Небесное Сердце
Шрифт:
Вайон улыбнулся краешком губ.
– Мы либо умрём, либо... станем полиморфами, - честно ответил он.
– По кошке или собаке не слишком-то определишь, сохранила она личность или нет.
Марин одарил его откровенно скептическим взглядом. Казалось, ещё немного, и офицер отбросит сдержанность, выскажется прямо. Но он лишь спросил:
– И вы действительно будете гордиться этим?.. Лично вы?
Ответом ему стал твёрдый взгляд уже не совсем человеческих глаз, слишком отстранённый и спокойный.
– Это лучше, чем спиться или утопиться, да и вообще,
– Странная альтернатива, но я понял вас. Жаль только, что наша почётная роль легенды закончится здесь и никоим образом не поспособствует делам там наверху.
Взгляд Вайона стал на какой-то момент острым, как игла, проник в душу цинтеррианца. Неужели только личная трагедия толкнула парня на этот шаг? Марин не верил. Ни одно горе не смогло бы подтолкнуть его самого к подобному шагу. Но вопрос уже прозвучал единожды, незачем повторять второй раз.
– Вы ведь не хотите этого, так? У вас приказ и ничего более?
– Моё мнение как-то повлияет на дальнейший ход операции?
– улыбнулся Марин, глотнув чая.
– Увы, боюсь, что нет. Все мы тут не питаем иллюзий, - Вайон устало потёр правый висок.

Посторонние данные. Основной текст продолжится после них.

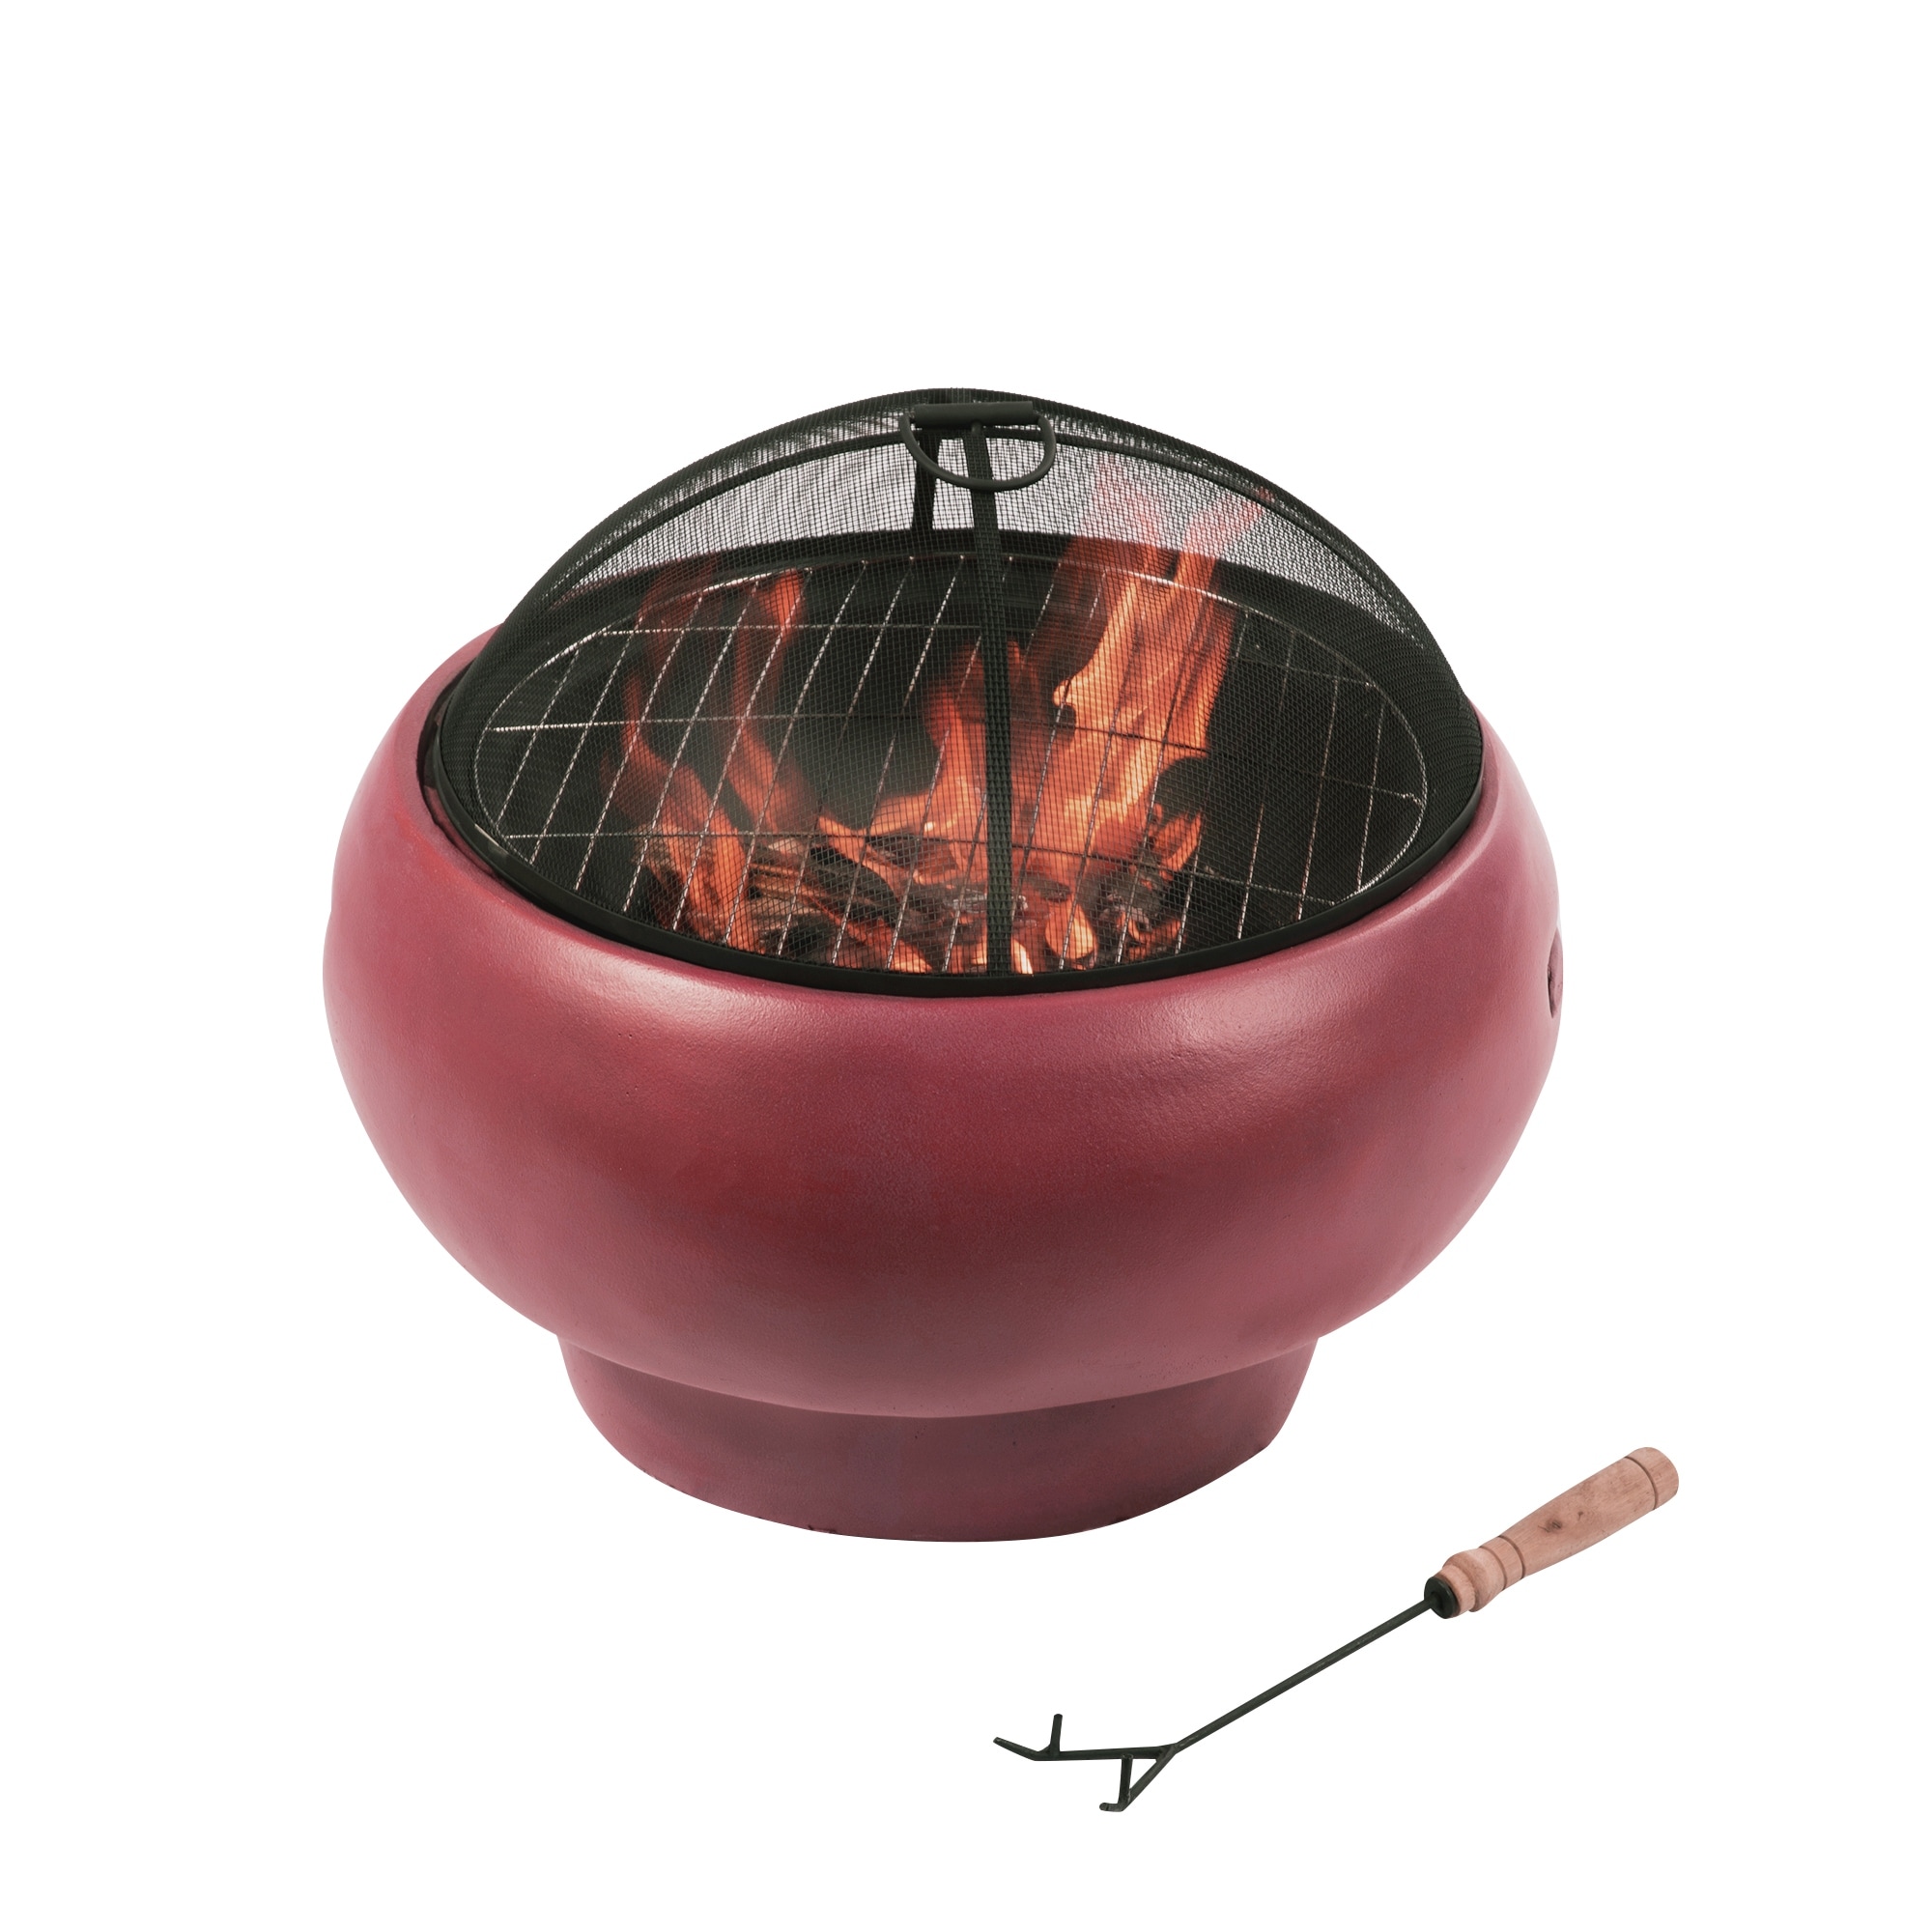 Teamson Home 21 inch Outdoor Round Concrete Wood Burning Fire Pit with Steel Base

– Остаётся надеяться, что полиморфы действительно нужны человечеству в том виде, в каком их пропагандируют.
Марин подумал и вскинул в шутливом салюте чашку. Неплохой лидер со временем выйдет из этого энвильца, если он переживёт пересадку. Но зря, зря он меняет свою молодую жизнь на железо. Впрочем, это не его, Марина, дело
– Тогда выпьем за то, чтобы в нашем лице они действительно таковыми стали.
– Что-то я в этом сомневаюсь...
– хмыкнул Вайон.
– Сомнения - это моя главная обязанность в экспедиции... командир, - искренне улыбнулся цинтеррианец. Он надеялся поладить с Вайоном Канамари, потому что если не будет взаимопонимания с командиром корабля, то всю задачу сразу можно считать проваленной.
***
Планета Энвила, пригород Тейлаана, 10 лет спустя.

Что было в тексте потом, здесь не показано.